Na sexta, é Cinderela querendo ir ao baile encontrar seu príncipe encantado. Sábado, é a filha do Rei que precisa de encantos para ser bela, cantora e ser acordada pelo beijo de um nobre apaixonado, como se nascer rica já não fosse o bastante. Domingo, tem garoto de pau que quer virar homem, mas sem deixar de ser cara de pau. E assim vai. Não se passa um dia sem alguém pedir à pobre fada alguma benção. Oras, e ela como fica? 50 anos, solteirona, cheia de contas para pagar, tendo de voar de um reino para o outro com duas asas velhas e gastas. Não há quem agüente. E vá perguntar se um dos seus afilhados, depois de conquistar o seu feliz para sempre, se lembra dela. Nada. Nem vê a cor do dinheiro e olha que anda precisada. A varinha de condão está carente de reparos. Só pega um encanto na segunda tentativa. Já teve caso de sapo, em vez de belo príncipe, virar cobrador de imposto de renda quando beijado. A princesa vítima do engano, não declarando seu castelo nem os sete anões, foi processada e teve seus bens confiscados.
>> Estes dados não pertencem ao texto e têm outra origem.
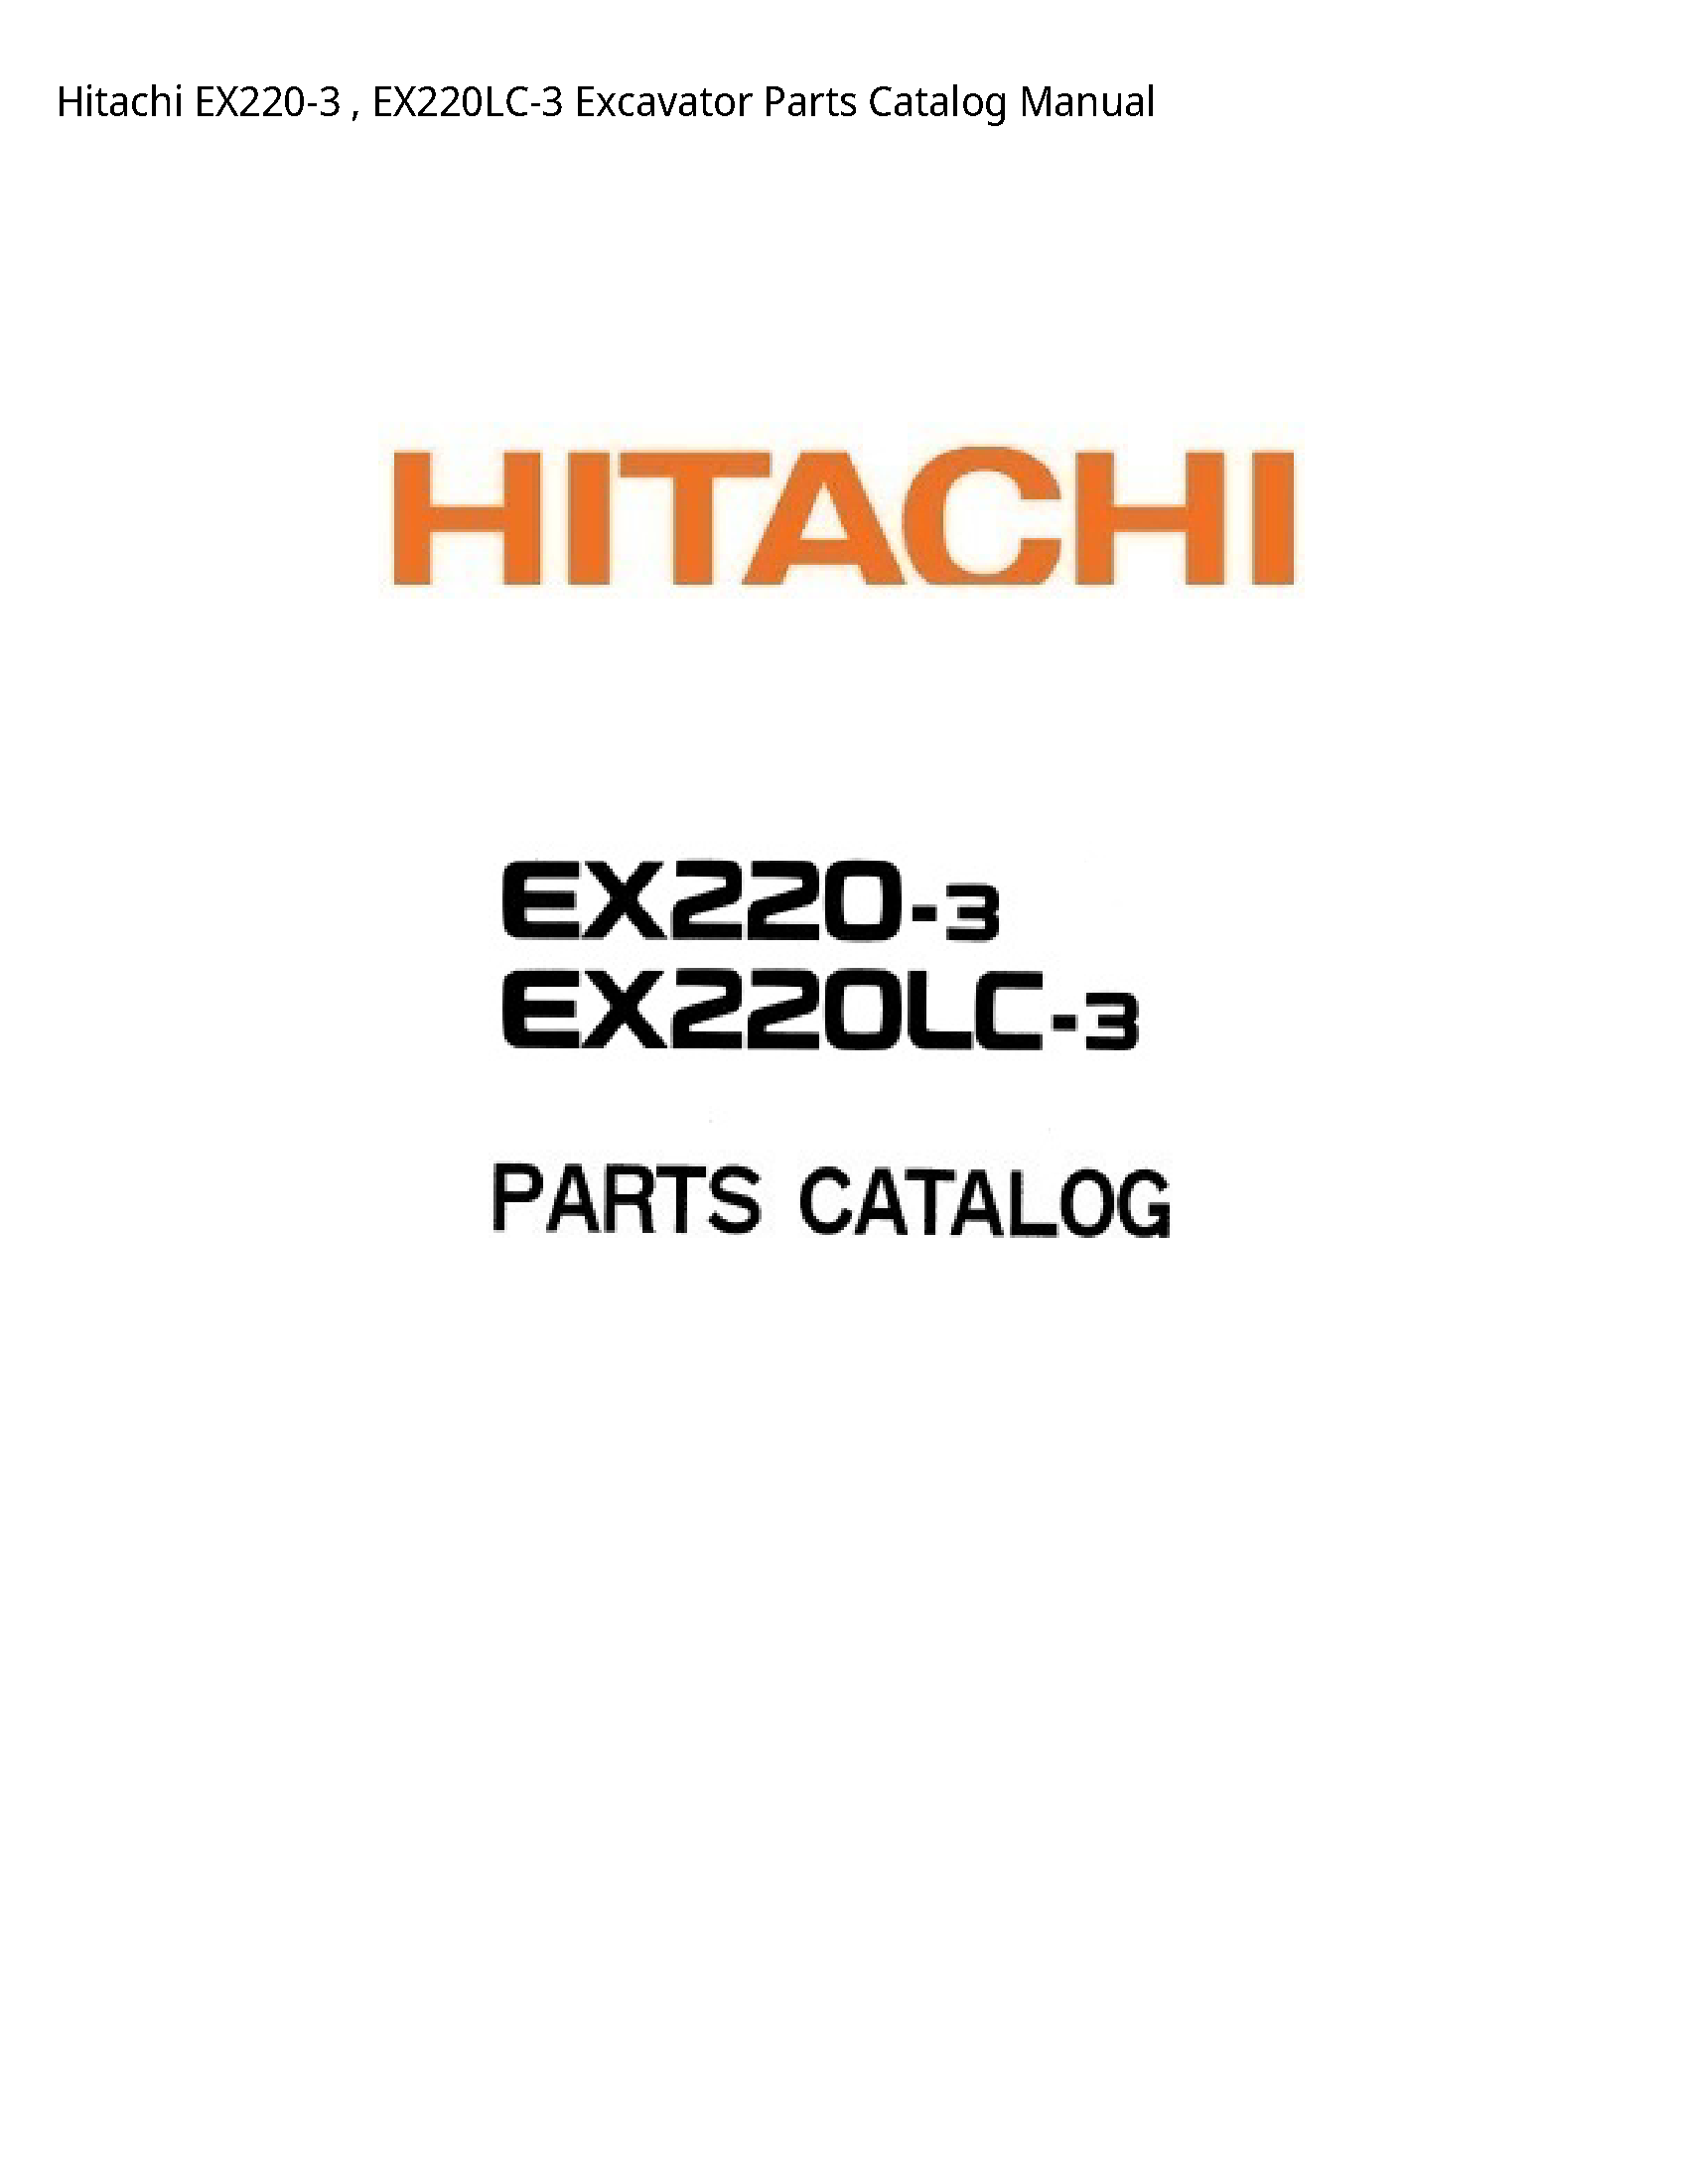 Hitachi EX220-3 Excavator Parts Catalog manual

Exausta, estressada, a fada madrinha resolveu então que era hora e vez de cuidar de si mesma, pois não havia quem fosse lhe abençoar. Depois de muitas estrelas e fagulhas saindo da varinha e das palavras mágicas certas, fez uma plástica, turbinou os seios, colocou botox, arranjou um namorado com pinta de integrante de boy band e virou cantora de jazz. Sua história não foi parar na capa dos livros de fábulas nem seu final foi feliz para sempre. Nos salões reais, as princesas e os príncipes, que tanto desfrutaram de sua ajuda, agora cochichavam o absurdo de uma fada ter tal atitude. “É uma perua”, diziam. “Que vergonha!”, sussurravam. “Tem idade para ser a mãe dele!”, condenavam, “Onde foram parar os valores antigos?”
Desmoralizada, a fada que voou alto demais nunca mais foi requisitada, mas pelo menos teve o seu próprio fim.